3. If the stock is also pays a dividend of 2.00 per year. Should I buy it?

4. A stock is selling for $35.00. The stock’s value is expected to grow by 10% per year. It has a beta of 1.0

a) I expect to sell the stock in 5 years; what will it be worth then?.

b) I want a return of 9% -- Should I buy the stock?

c) The Stocks beta increases to 1.2 should I still buy the stock?

e) The stock pays a dividend of $1.00 per year. Should I buy it now?

Your answers must be sent as an Excel File posted to Blackboard. I must see the formulas of how you calculated

To calculate the present value (PV) of the stock, you'll need to use the stock's expected future value, the holding period, the expected return, and the stock's beta.

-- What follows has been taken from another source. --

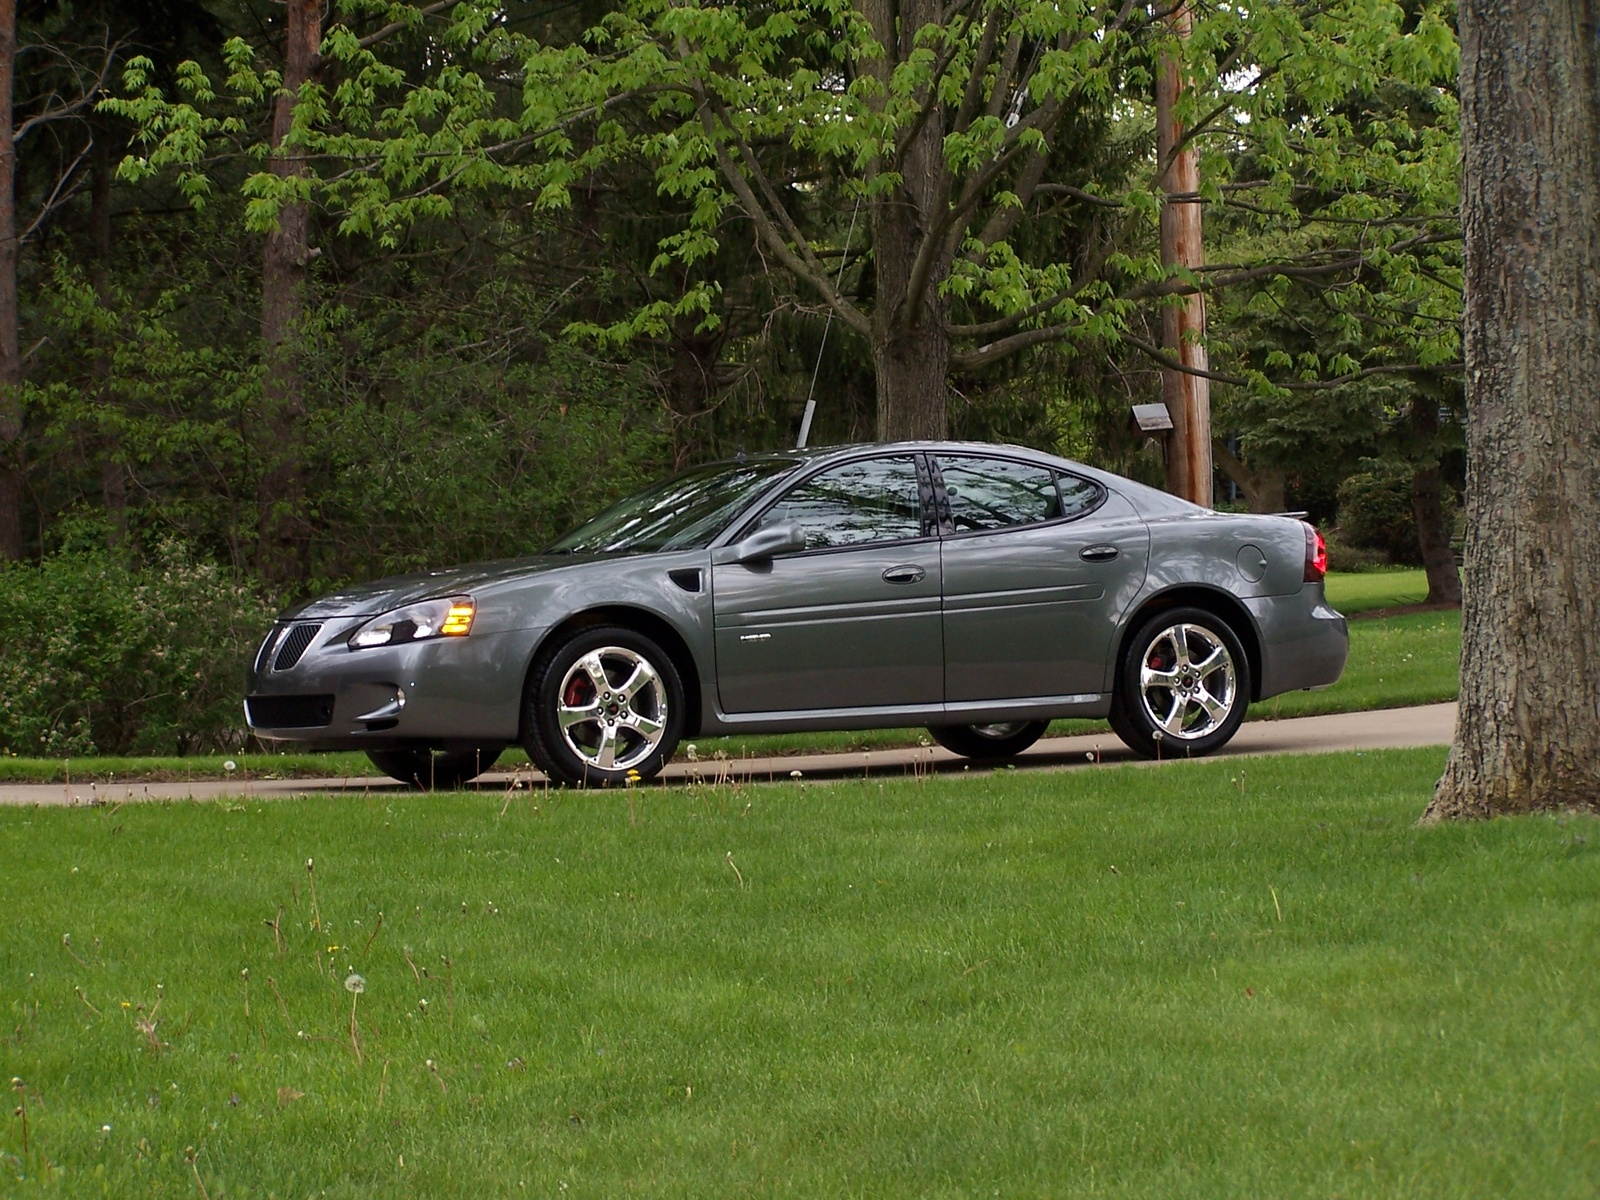 2005 Pontiac Grand Prix GXP - Pictures - 2005 Pontiac Grand Prix GXP ...
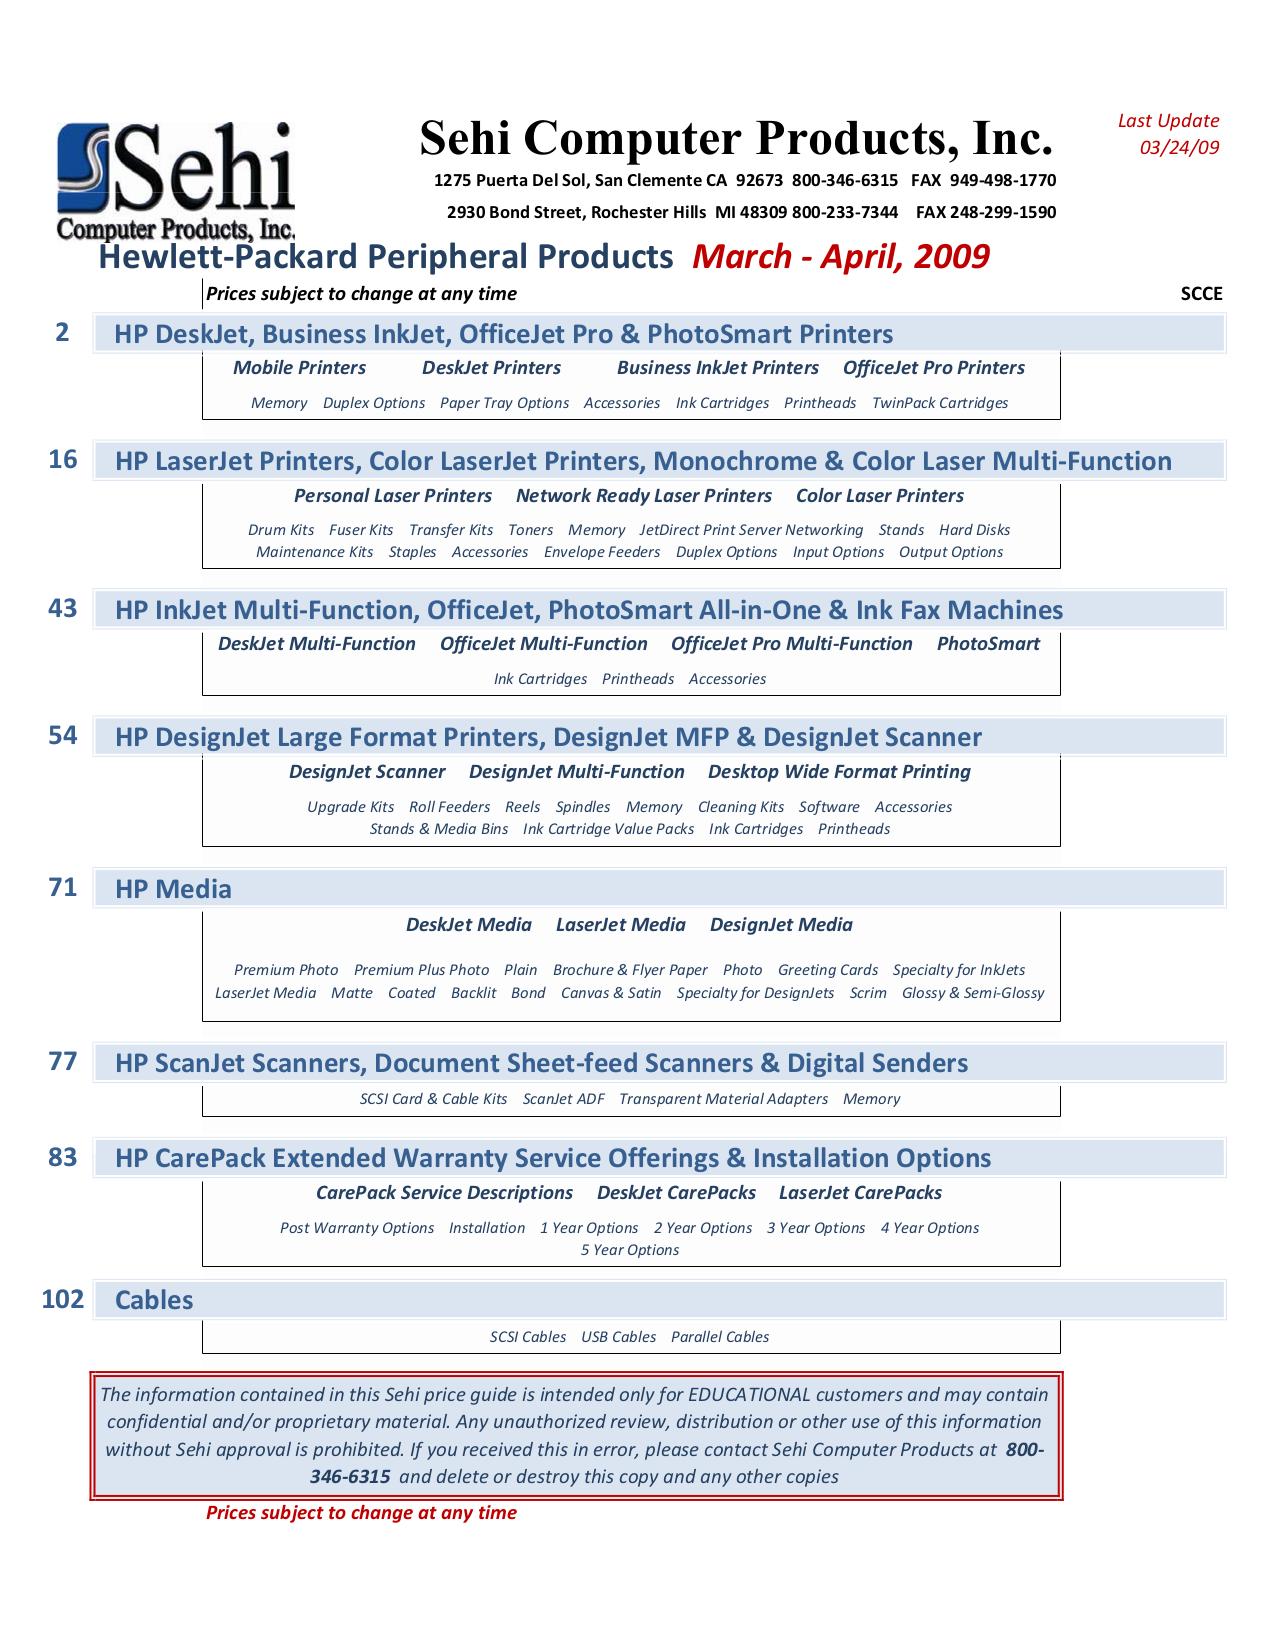 hp officejet j4680 manual pdf

First, let's calculate the expected future value (FV) of the stock after 5 years. Given that the current price is $45.00 and you expect the stock price to reach $60.00, the increase in value over 5 years would be $60.00 - $45.00 = $15.00.

Next, calculate the expected return (R) using the formula:
Expected Return = Risk-Free Rate + (Beta * Market Risk Premium)
Assuming the risk-free rate is 3% and the market risk premium is 7%, the expected return would be:
Expected Return = 3% + (1.25 * 7%) = 3% + 8.75% = 11.75%

Now, use the formula for the present value of an investment:
PV = FV / (1 + R)^n
where PV is the present value, FV is the future value, R is the expected return, and n is the holding period.

Plugging in the values, we get:
PV = $15.00 / (1 + 11.75%)^5

Now, calculate PV:
PV = $15.00 / (1 + 0.1175)^5
PV = $15.00 / (1.1175)^5
PV ≈ $7.41

Therefore, the present value of the stock is approximately $7.41.

To determine whether to buy the stock, compare its current price ($45.00) to its calculated present value ($7.41). If the present value is higher than the current price, you may consider buying the stock. However, if the present value is lower than the current price, it suggests the stock is overpriced, and you may want to reconsider buying it.